*WHAT THE EXERCISE ASKS*
For this exercise, print the listing below exactly, without its pictures.

[INPUT DATA]

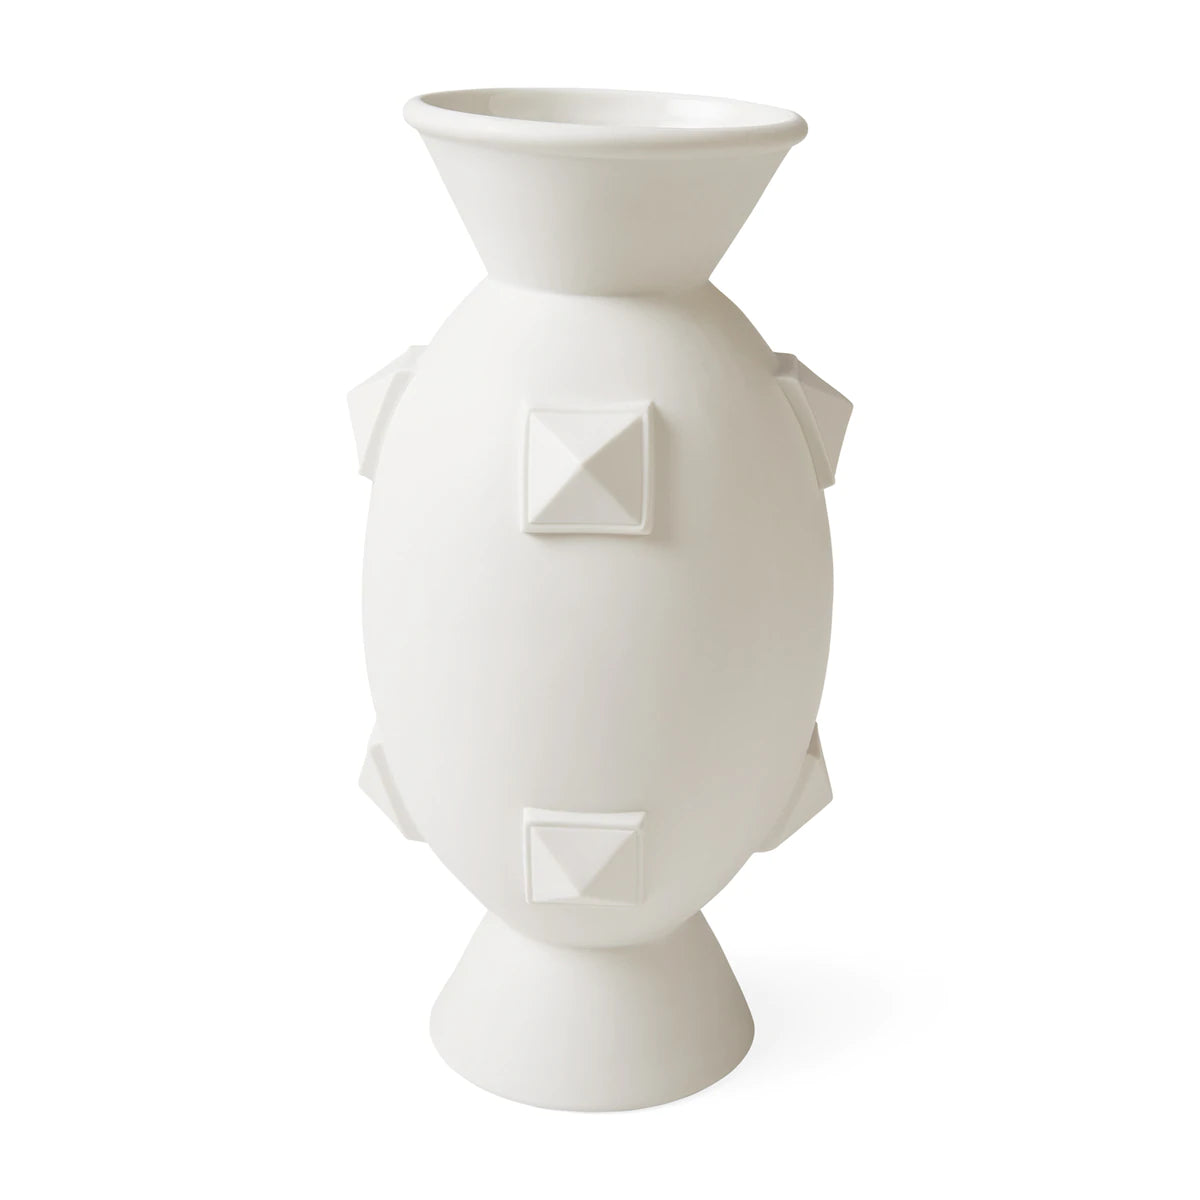 Charade Bowtie Vase by Jonathan Adler
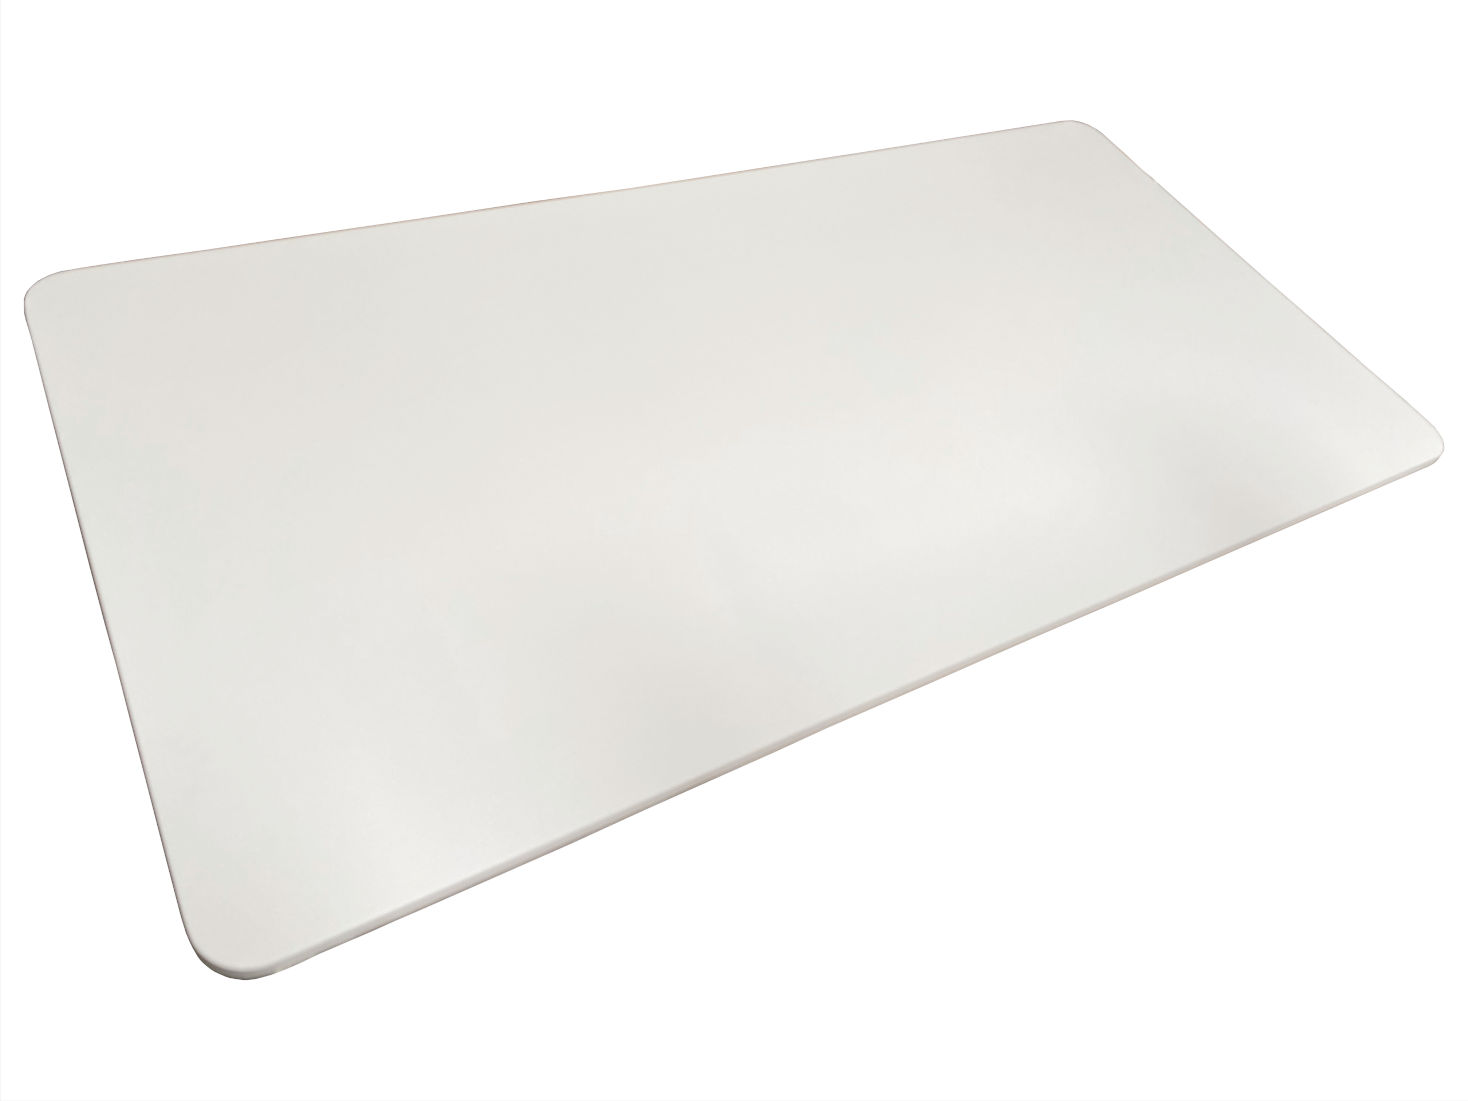 Tischplatten Verbundholz 1600 mm 800 mm 17 mm stark weiß (1 Stück)
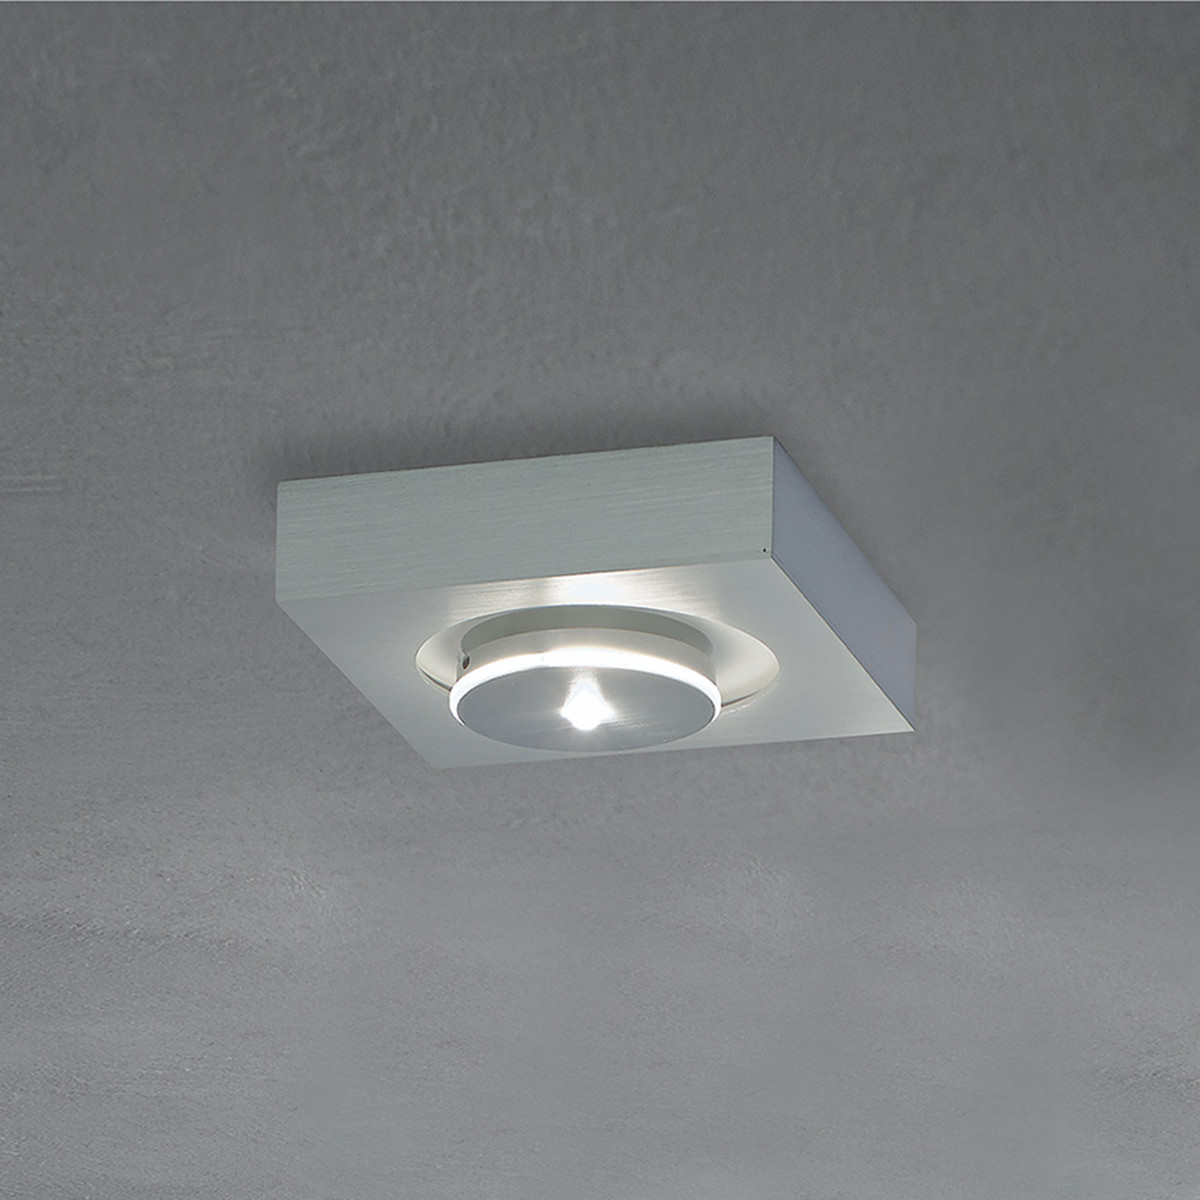 Escale Spot It LED Deckenleuchte Preisvergleich 1-flammig | € 348,99 quadratisch bei Aluminium ab geschliffen

[/INPUT DATA]

*EXERCISE OUTPUT*
 Charade Bowtie Vase by Jonathan Adler
 Tischplatten Verbundholz 1600 mm 800 mm 17 mm stark weiß (1 Stück)
 Escale Spot It LED Deckenleuchte Preisvergleich 1-flammig | € 348,99 quadratisch bei Aluminium ab geschliffen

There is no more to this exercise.